На Пласа дель Кастильо по-прежнему бушевала толпа: все семь дней Сан-Фермина люди не спят — лишь только утром после <энсьерро> выпьют вина, съедят сандвич и лягут на улице или в сквере, несмотря на категорический запрет полиции. (Впрочем, несмотря на многие категорические запреты, испанцы все более и более открыто игнорируют официальные <табу>. В <Каса Марсельяно>, где сидели за соседним столиком французы, молодые студенты из Мадрида кричали: <Да здравствует блок всех левых сил!> Это было невозможным год назад, как невозможной была открытая продажа советских книг, — сейчас они появились на книжных витринах.)
Мы проталкивались сквозь толпу, к бару <Чокко>, где Старик всегда пил кофе рано утром после <энсьерро>, и я смотрел на Тино, которого многие узнавали, и дивился той маске трагизма, которая была на его лице. Наверное, каждый тореро постоянно ощущает состояние трагедии, и не только в госпитале после ранения, но и сейчас, ночью, глядя на толпу, которая знает его, приветствует и любит, но до тех лишь пор, пока он — Тино и пока он не погиб, или не испугался, или не заболел; тогда его предадут презрительному забвению. (Впрочем, подумал я, только ли к одним тореро приложимо это? Литератор, переставший писать, состарившаяся балерина разве все это не составляет одну цепь — тяжелые вериги искусства?)
…А ранним утром, когда по улице Эстафеты с олимпийской скоростью километр за полторы минуты — быки пронеслись и ранили шестерых <афисионадо>, мы сидели на Пласа де Торос. Только-только с арены ушел оркестр — поскольку люди здесь собираются загодя, на рассвете, часов в шесть, чтобы занять места получше, памплонцы два часа радуют гостей прекрасными песнями Наварры, танцами Астурии, страны басков, и на Пласа де Торос выскакивают зрители, ибо они не в силах сдерживать себя, им надо двигаться, все время двигаться — до тех пор, пока на арену не вбегут люди, а следом за ними, поднимая их на рога и топча копытами не ворвутся <торос>, окруженные волами с колокольчиками на потных шеях. Вот барьер перепрыгнула длинноногая девушка, жеманно пошла, виляя бедрами, задрала юбку, а ведь это не девушка, это парень дурачится: хохот, свист, веселье… Сразу же появляется полиция, <нравственность — превыше всего, что это за французские штучки>, сейчас схватят парня… Но — нет… Изменилась Испания. Полицейских освистали так, что казалось, воздух порвется, словно загрунтованный холст.

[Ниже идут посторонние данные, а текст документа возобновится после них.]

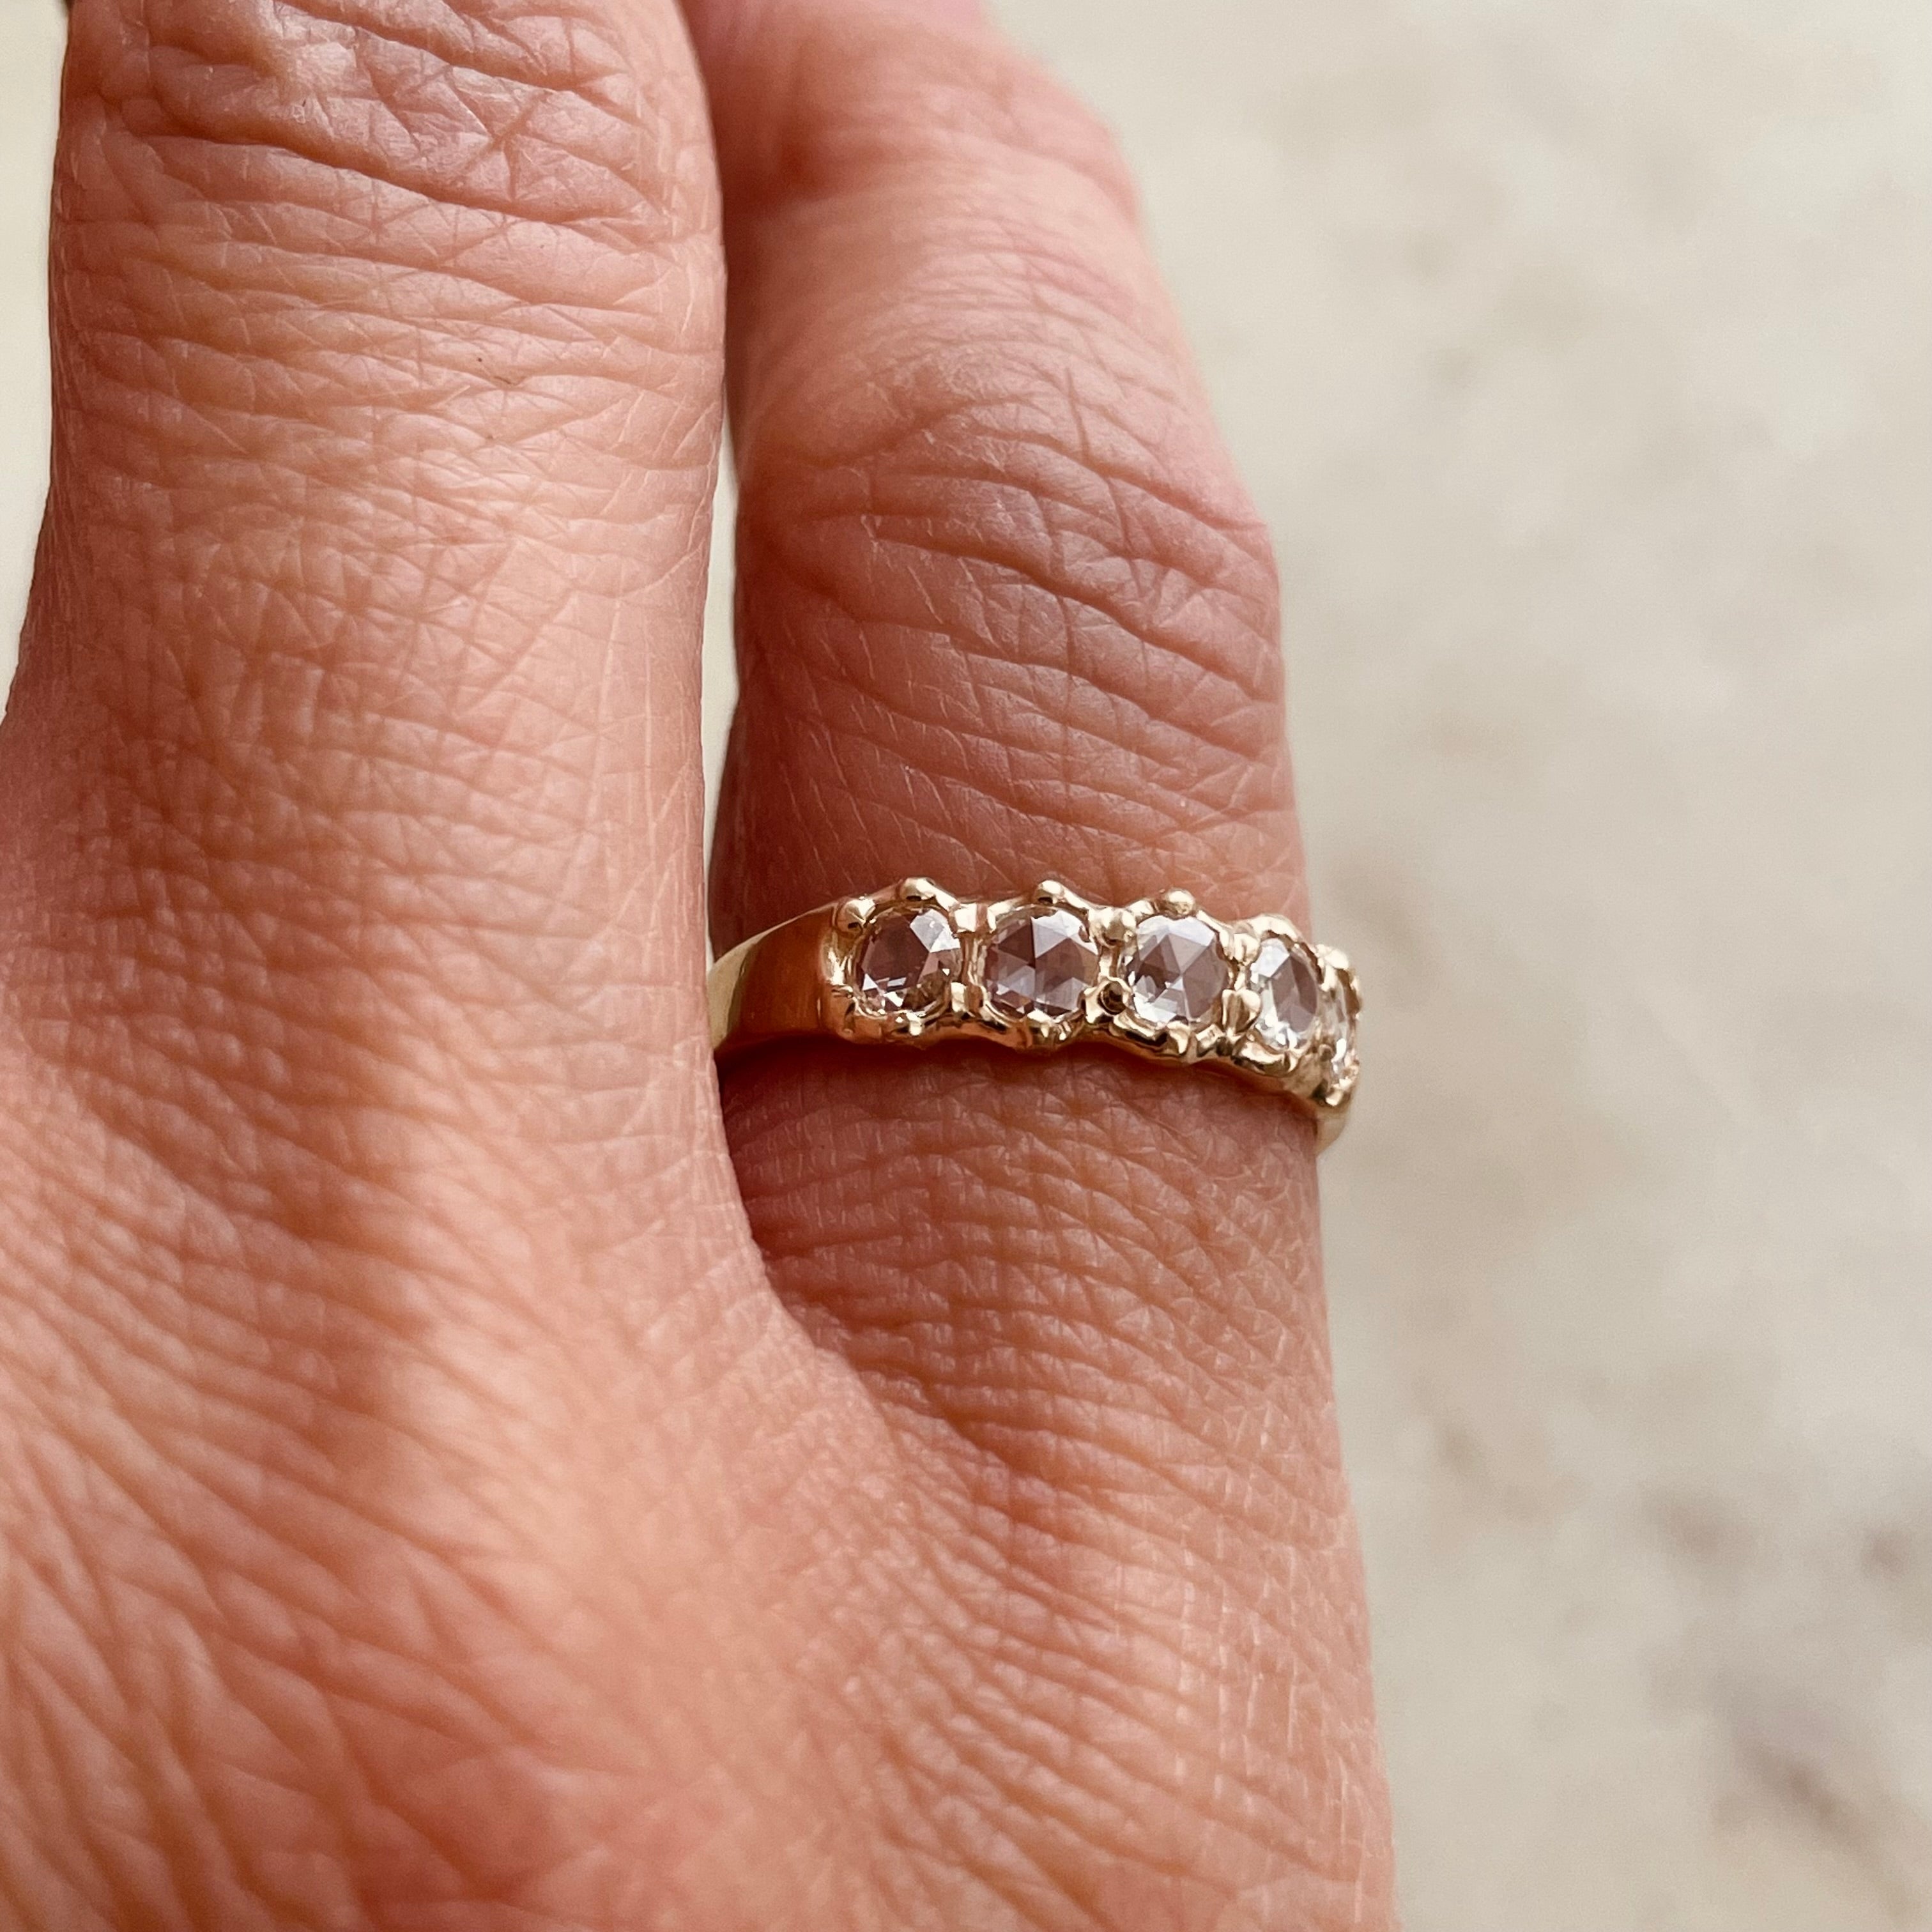 Tiny Stone Ring, Gold or Rose Gold | Glamrocks Jewelry

— Фуэрра! Вон! Фуэрра! Пошли прочь!
И ведь пошли прочь.
Веселье народного праздника продолжалось на арене до тех пор, пока служащие арены — их называют <работяги корриды> — не затолкали всех на трибуны — пришло время <энсьерро>.
И вот прогремела пушка, и мы услышали шум, и он катился как лавина прибоя, а потом этот единый шум распался на голоса, но и голоса в свою очередь разделились на вопль, тонкий крик, хриплый <а-а-а-ах>, а потом на арену вбежали первые <афисионадо>, а следом за ними, словно пульсирующая кровь из порванной артерии, втолкнулись следующие, а за этой второй партией, закрыв затылки руками, сталкивая друг друга с ног, ворвались третьи, последние, потому что их преследовали быки, и вся Пласа де Торос повскакивала со своих мест, заохала, закричала, а особенно кричали на трибунах <соль>, которые подешевле, и там, в отличие от трибун <сомбра>, все были в бело-красных костюмах, и все с бурдюками вина, и все поили друг друга, запрокинув головы, ловя ртом быструю черную струю тинто, и не проливали ни капли на рубашку, а если и проливали, то что из того? — все равно красный цвет на белой рубашке угоден Сан-Фермину и нужен для того, чтобы загодя злить <торос>, которые сейчас метались по арене, поддевая рогами тех, кто стоял к ним ближе, а остальные переваливались через деревянную изгородь, и что там прыжки Брумеля и Тер-Ованесяна — сигали с места, без разбега, подгоняемые зримым ощущением гибели — отточенным, холодным и гладким рогом быка, который входит в тело, словно в тесто.